“A perfect summer day is when the sun is shining, the breeze is blowing, the birds are singing, and the lawn mower is broken.” ~ James Dent
I think Mr. Dent has the perfect summer day almost described to a tee, but I’d thrown in a freshly-made pie as well. And lucky for you, today is the first official day of summer … and I have a fabulous pie recipe to share too!
Not only is today the first official day of summer, it’s also Pie Party 2012, a pie-making extravaganza taking place throughout the blogosphere. Yep, food bloggers across the globe are making and sharing their favorite pie recipes for all the world to see. Yay, pie!
Since the weather in St. Louis is currently hovering in the high 90’s, I wanted to make a pie that would be cool and refreshing … and I think I accomplished just that. Combining two of my favorite flavor combinations, my Easy Squeezy Lemon Blueberry Pie is a cool and refreshing treat that will take the edge off those hot and sweaty summer days with just one bite.
The smooth, tart lemon filling is well-balanced against the sweet, vibrant blueberry layer that lies hidden beneath … and the crispy granola crust adds just the right amount crunch. It’s also a fairly quick pie to throw together. The hardest part of making this pie? Waiting for it to set up in the refridgerator!

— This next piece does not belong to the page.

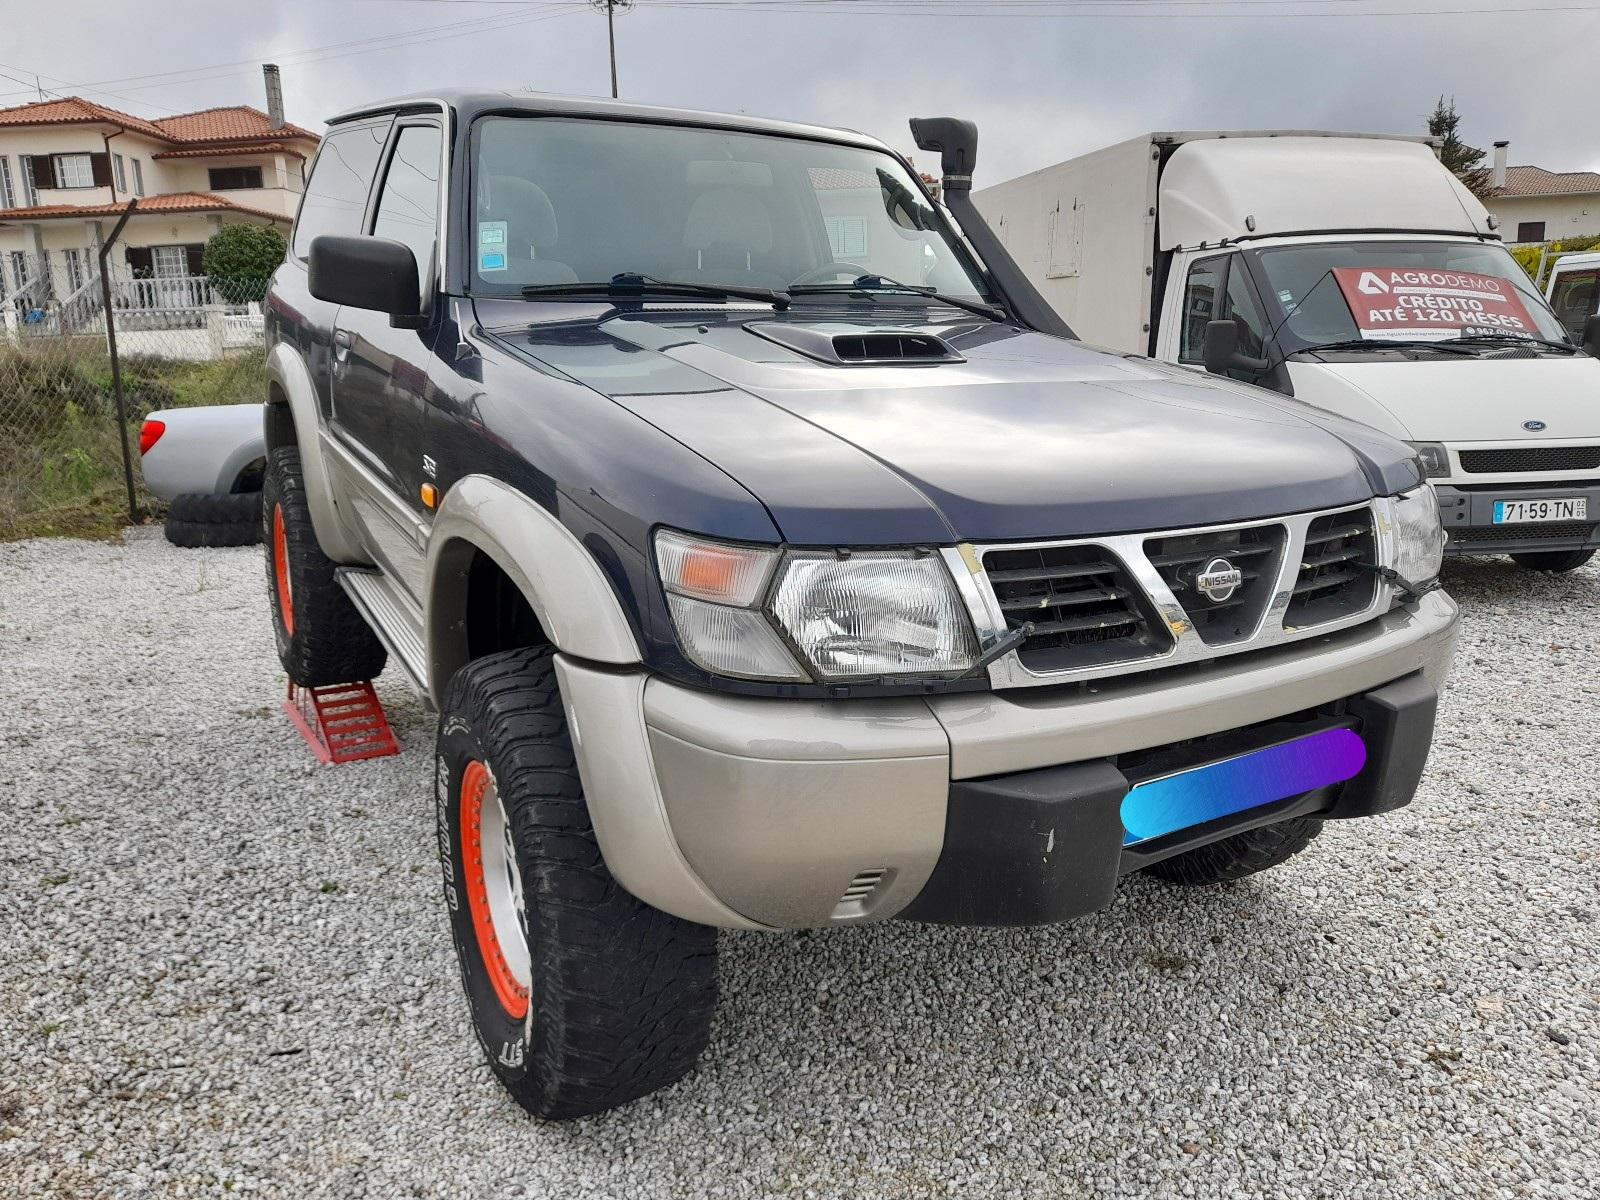 Nissan Patrol GRY61

What’s your favorite summer pie? I’d love to hear about it!
Easy Squeezy Lemon Blueberry Pie
- 1 9-inch granola or graham cracker pie crust
- 1 egg
- 2 cups blueberries
- 1 cup sugar
- 3 tablespoons cornstarch
- 1/4 teaspoon salt
- 1/4 cup water
- 1 can (14 ounces) sweetened condensed milk
- 1/2 cup (about 3 medium lemons) fresh lemon juice
- 1 teaspoon grated lemon peel
- 1 1/2 cups frozen whipped topping, thawed
1. Preheat oven to 375°F.
2. Briskly beat the egg in a small bowl until frothy. Brush the bottom and sides of the pie crust with the beaten egg to seal cracks. Bake for 5 minutes. Remove from oven and cool.
3. In a medium saucepan, cook the blueberries with the sugar, salt, cornstarch, and water over medium-high heat, stirring often until thickened, approximately 15 to 20 minutes. Remove from heat and cool.
4. In a medium bowl, beat the sweetened condensed milk, lemon juice, and lemon peel with a hand mixer until combined. Gently fold in the whipped topping.
5. Place the cooled blueberry mixture in the bottom of the cooled pie crust. Top with the lemon mixture, gently spreading to cover blueberries. Cover; refrigerate pie for 2 to 3 hours or until set. Garnish as desired.
NOTES: I used Heartland Brand granola pie crust that I recently found at my local supermarket; I had never actually seen prepared granola pie crust and was pleasantly surprised in the end.